DeepSeek-R1 Paper Review

신정열·2025년 1월 31일

DEEPSEEK LLM paper-review

출퇴근 논문 읽기

목록 보기

5/9

DeepSeek-R1: Incentivizing Reasoning Capability in LLMs via Reinforcement Learning

논문원본: https://arxiv.org/pdf/2501.12948

Introduction

Background

post-training이 training pipeline에서 중요한 역할로 자리잡고 있다.
- post-training: Instruction Tuning + RLHF
- post-training -> improve reasoning task, adapt user preference
Chain-of-Thought 과정을 늘림으로써 inference-time scaling하는 연구를 통해 OpenAI's o1 시리즈 모델이 나옴
- 이를 통해 수학, 코딩, 과학적 추론와 같은 reasoning task에서 상당한 성능 향상

Problem Definition

효과적인 inference-time scaling을 위한 연구가 많이 나왔지만 reasoning task에서 o1 시리즈 모델과 동등한 수준에 도달하진
많은 양의 supervised data를 모으는 것은 매우 어려움

Proposed Method

오직 RL만으로 reasoning task의 성능을 향상시킨 -> DeepSeek-R1-Zero
DeepSeek-R1-Zero 모델이 갖고 있은 poor readability, language mixing 문제를 해결한 -> DeepSeek-R1
작은 모델에서도 뛰어난 reasoning 능력을 갖는 -> Distillation Models

DeepSeek-R1-Zero

Approach

Reinforcement Learning Algorithm

DeepSeekMath 논문에서 사용한 GRPO를 그대로 사용 (Appendix에 자세한 설명)
value function이 필요없기 때문에 training cost를 줄일 수 있음

Reward Modeling

rule-based reward system 사용
- Accuracy rewards: 정답이 일치하는지를 기준
- Foramt rewards: 'think' 태그안에 생각을 잘 넣는지를 기준
neural reward model 사용안한 이유
- reward hacking
- 추가 리소스 발생, 복잡한 training pipeline

Training Template

답변 형식 제한만 함, 어떤 reasoning 절차를 해야하는지 내용적 제한은 안함

Result

Performance

학습이 진행됨에 따라 성능도 향상됨
=> RL 알고리즘이 효율적이라는 증거

o1에 상응하는 성능을 보임

Self-evolution

학습이 진행되면서 inference-time scaling 되고 있음
inference-time을 늘림으로써 복잡한 reasoning task를 해결하는 방법을 자기가 알아서 터득한다는 것을 나타냄
=> self-evolution
inference-time이 증가하면서 reflection, exploration of alternative approaches 행동을 터득함

Aha Moment

초기 답변을 재평가하면서 (aha moment) thinking time을 늘리는 방법을 알아서 터득함

Drawback

poor readability, language mixing
이를 해결하기 위해 DeepSeek-R1을 연구

DeepSeek-R1

Training Pipeline

1. Finetuning cold-start data (reasoning + readibility)
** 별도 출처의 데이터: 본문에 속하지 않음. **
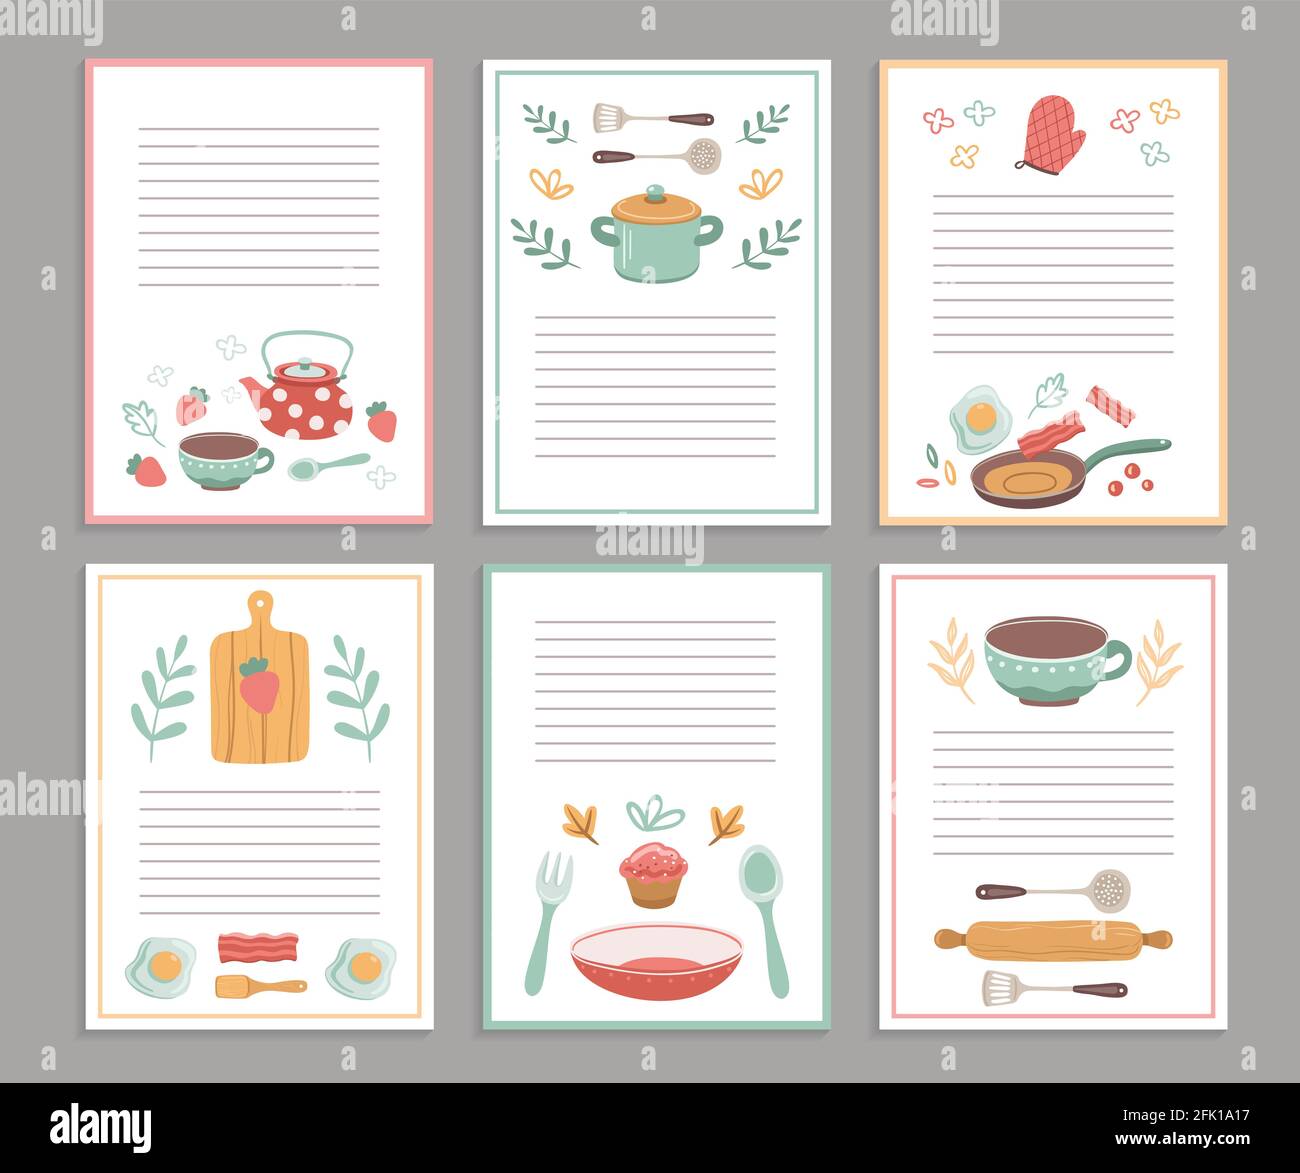 https://c8.alamy.com/comp/2FK1A17/recipe-cards-culinary-book-blank-pages-cookbook-stickers-cute-home-menu-banners-for-baking-cooking-with-doodle-kitchen-tools-vector-set-2FK1A17.jpg

RL 초기에 불안정한 cold-start 문제를 막기 위한 과정

데이터 수집
- cot 예제가 있는 few-shot prompt + reflection & verification 유도하는 프롬프트 사용
- DeepSeek-R1-Zero 모델로 답변 생성
- human annotators로 후처리
- 답변 마지막에 요약을 추가하는 패턴 + 가독성 좋은 데이터로 필터링함
수집한 데이터로 DeepSeek-V3-Base 모델을 학습하고 이를 추후에 RL과정에서 초기 policy model로 사용
이 과정으로 가독성을 높일 수 있고 cold-start data를 잘 만들면 더 향상될 수 있음

2. Reinforcement Learning (reasoning + readibility)

reasoning 능력을 높이기 위한 과정

DeepSeek-R1-Zero에서 RL과 거의 동일
- language consistency reward를 추가하여 language mixing 문제 줄임

3. Rejection Sampling & SFT (other domain)

other domain 능력 향상하기 위한 과정 (writing, role-playing, other general-purpose tasks)

Reasoning data with rejection sampling
- 2번 과정의 checkpoint로 답변 생성
- 기존 rule base reward를 통해 필터링
- DeepSeek-V3에게 정답과 생성 답변을 보고 평가하여 필터링 (generative reward model)
- mixed language, long paragraphs, code blocks 등과 같이 가독성 떨어지는 거 필터링
- 600k 데이터 수집
Non-reasoning data
- writing, factual QA, self-cognition, translation
- DeepSeek-V3에 SFT dataset 일부 사용
- 200k 데이터 수집
총 800k 데이터로 학습

4. Reinforcement Learning (human preference)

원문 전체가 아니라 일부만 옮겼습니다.